La fila de pasajeros era larga. El DC-8 de Canadian Pacific estaba listo para recibirnos y llevarnos a Toronto, con escalas en Ciudad de México y Acapulco.  
Llegué a la puerta de embarque. A un lado estaba una señorita de la aerolínea, una señora joven y dos niños, un hombrecito de unos 7 años y una niña de cinco. La señorita me dijo si es que podía sentarme junto a los niños y acompañarlos hasta ciudad de México, donde su padre, diplomático peruano, subiría a la aeronave a recogerlos. Acepté con gusto, ya que se trataba sólo del “próximo paradero”...
Nos habían separado la última fila de asientos, para estar más cómodos y cerca del personal, por si los niños necesitaban algo.
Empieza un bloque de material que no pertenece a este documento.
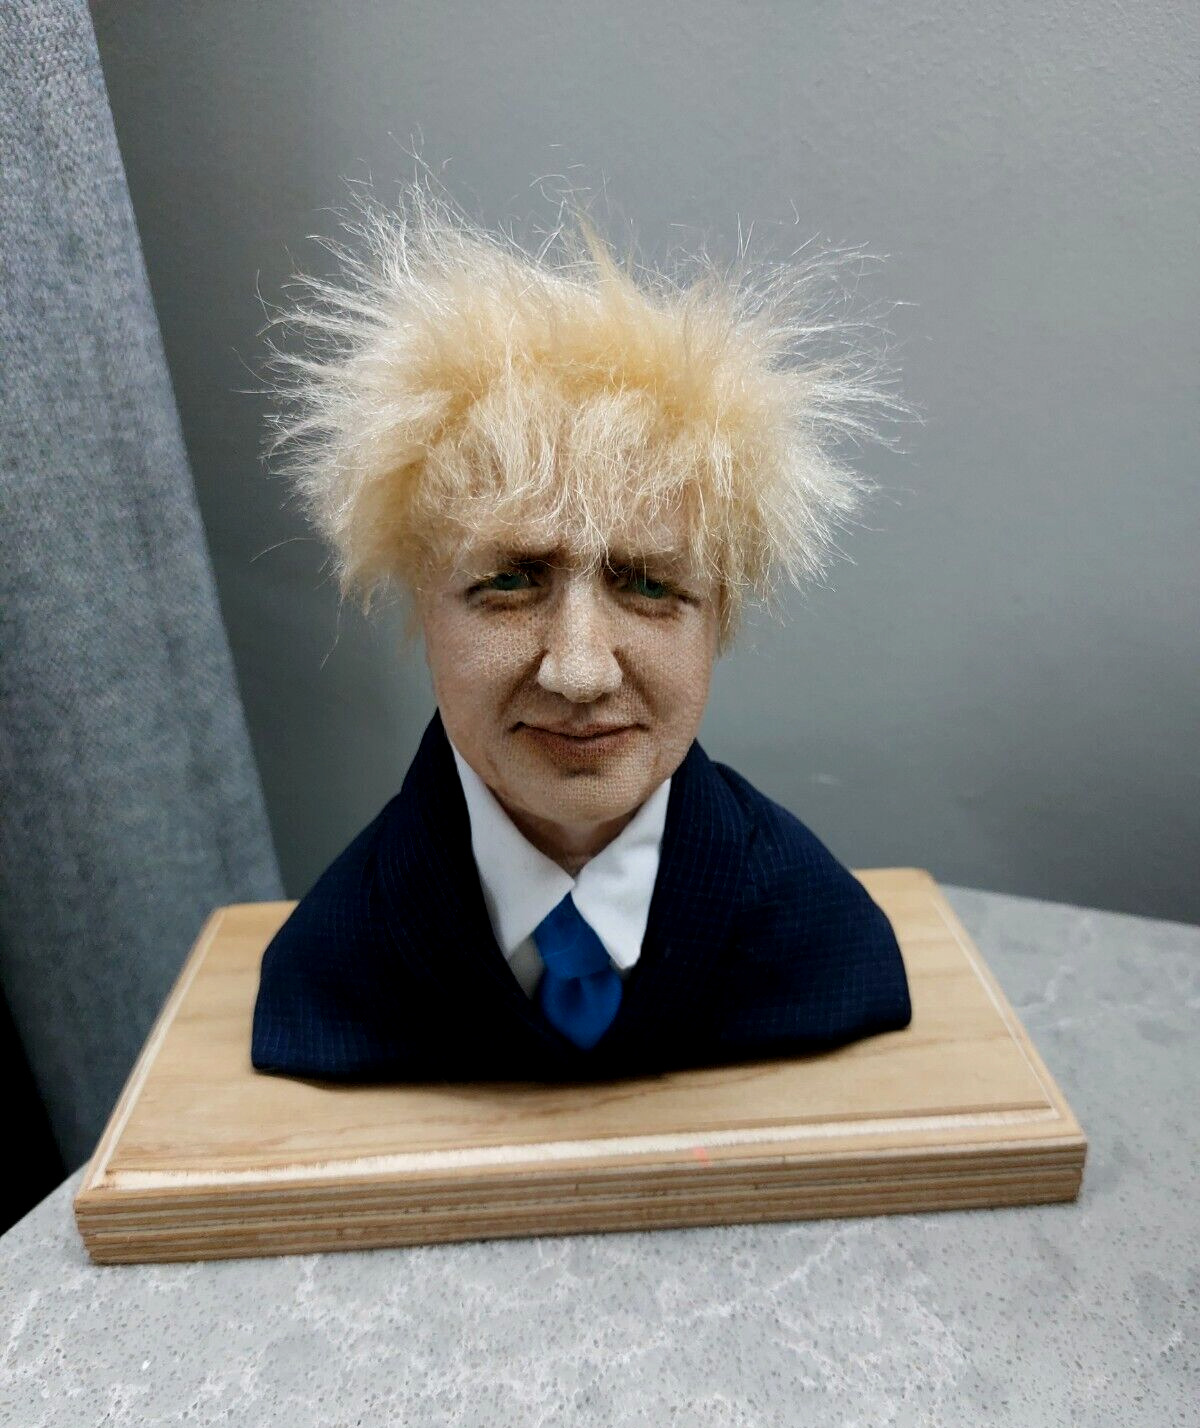 Boris Johnson Doll Toy Bust Made in Ukraine Political Leader Prime Minister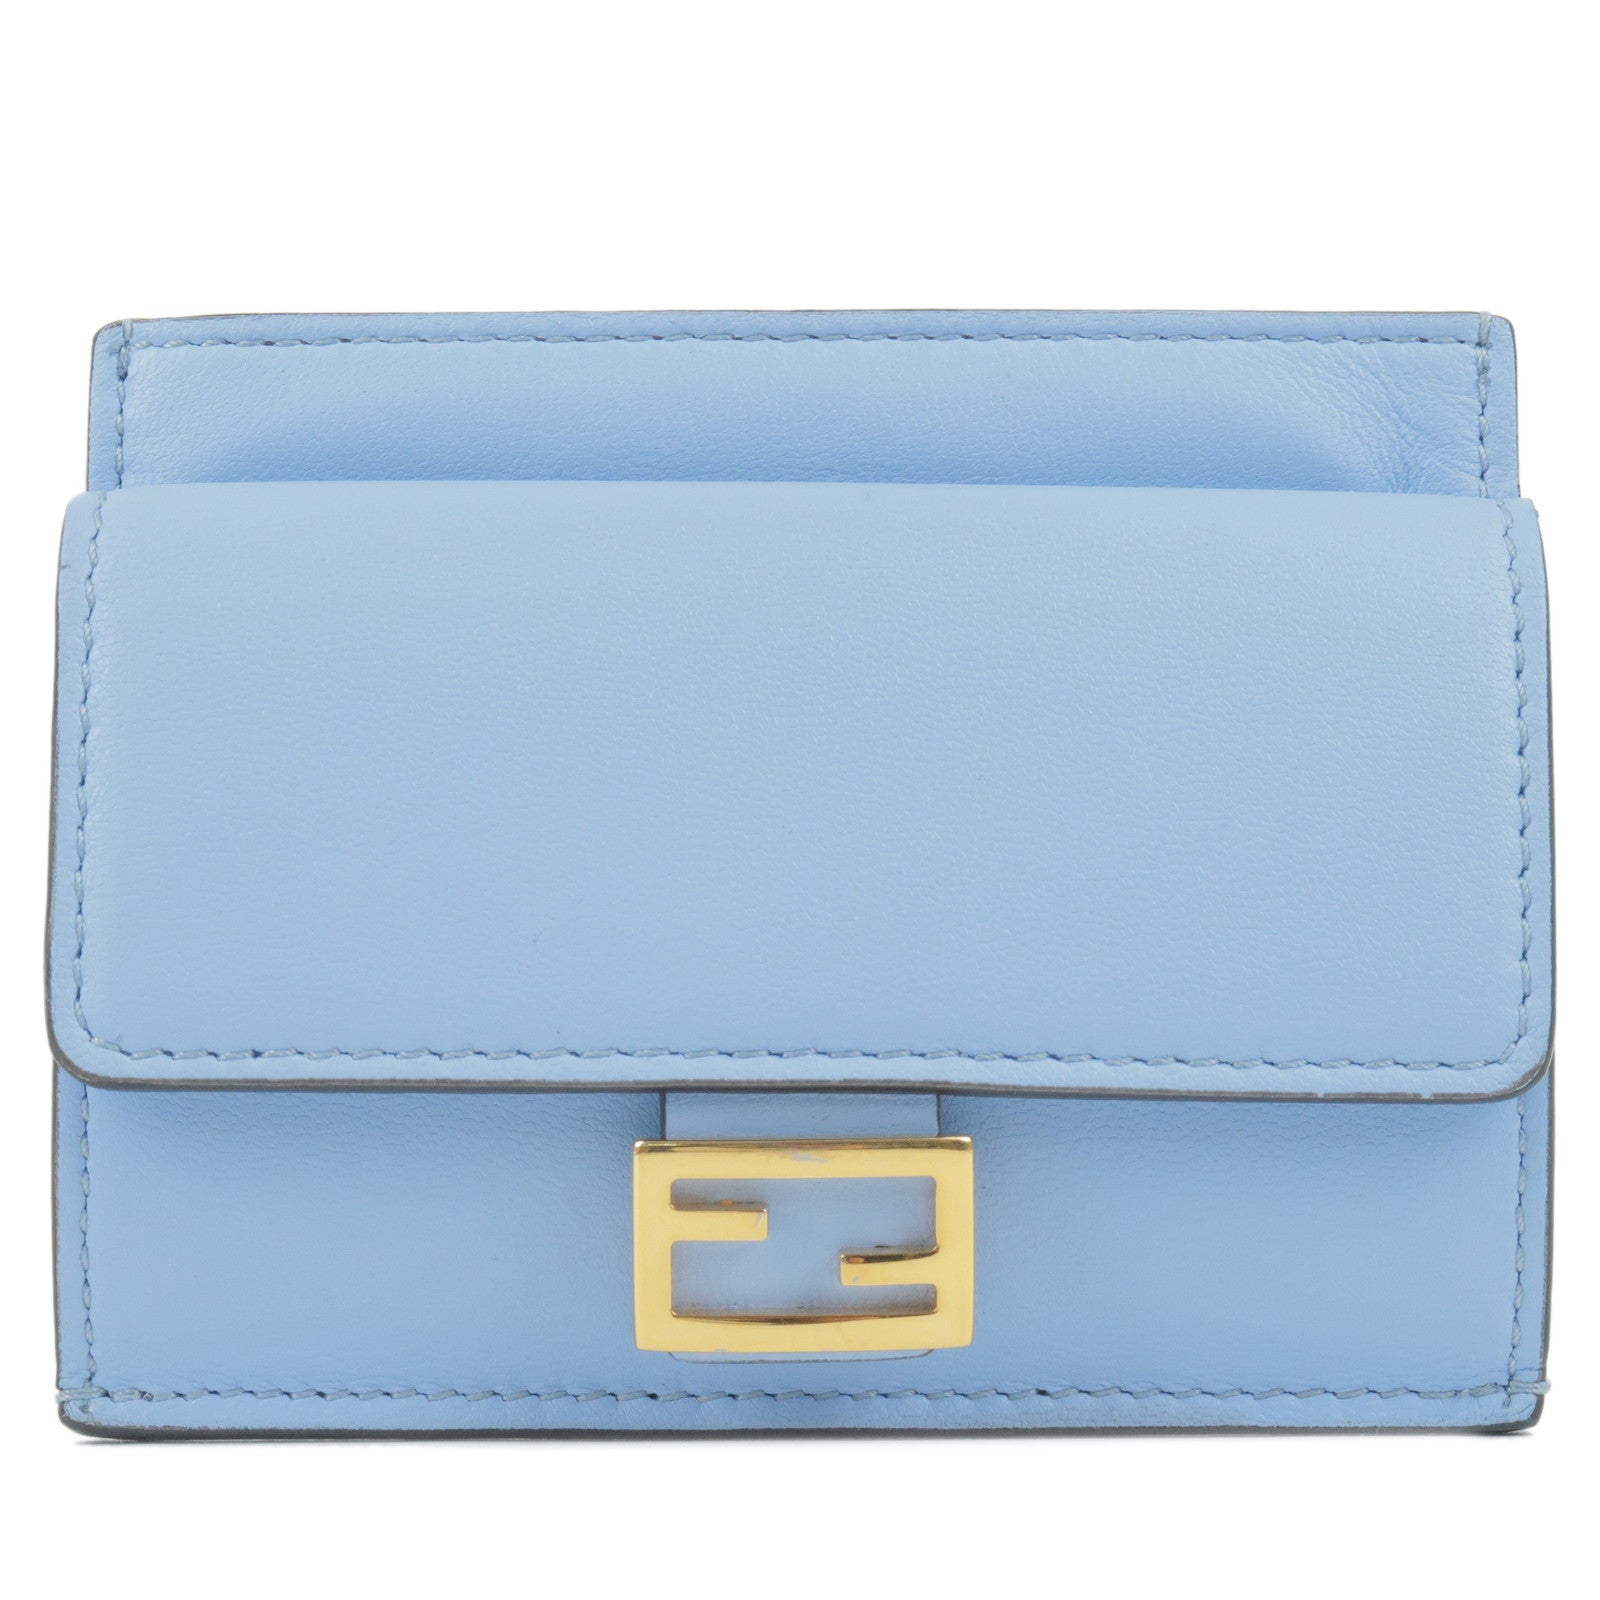 FENDI-Leather-Card-Case-Light-Blue-8M0423

Era cerca ya de la medianoche del 1o. de septiembre de 1975...
Despegamos y, muy pronto, los niños estaban dormidos...se apagaron las luces de la cabina y, pendiente de los niños, me acomodé para descansar...
El vuelo se desarrollaba normalmente...una pequeña turbulencia me despertó, verifiqué que los niños descansaban normalmente...por la ventana se veían signos de tormenta...el calor era insoportable, traté de prender el aire de mi asiento, pero no funcionó...se escuchaban quejas de pasajeros...todo oscuro...
De pronto, se escuchó una pequeña explosión, de la pared del avión, a la altura de las alas, se abrió un boquete arriba de una ventana y una tromba de agua ingresó a la cabina...gritos de terror, se encendieron las luces...todos gritaban, el agua caía como una catarata...pensé que nos habíamos hundido en el mar y que pronto seríamos noticia de primera plana...los niños se despertaron y se pusieron a llorar, me dediqué a tranquilizarlos...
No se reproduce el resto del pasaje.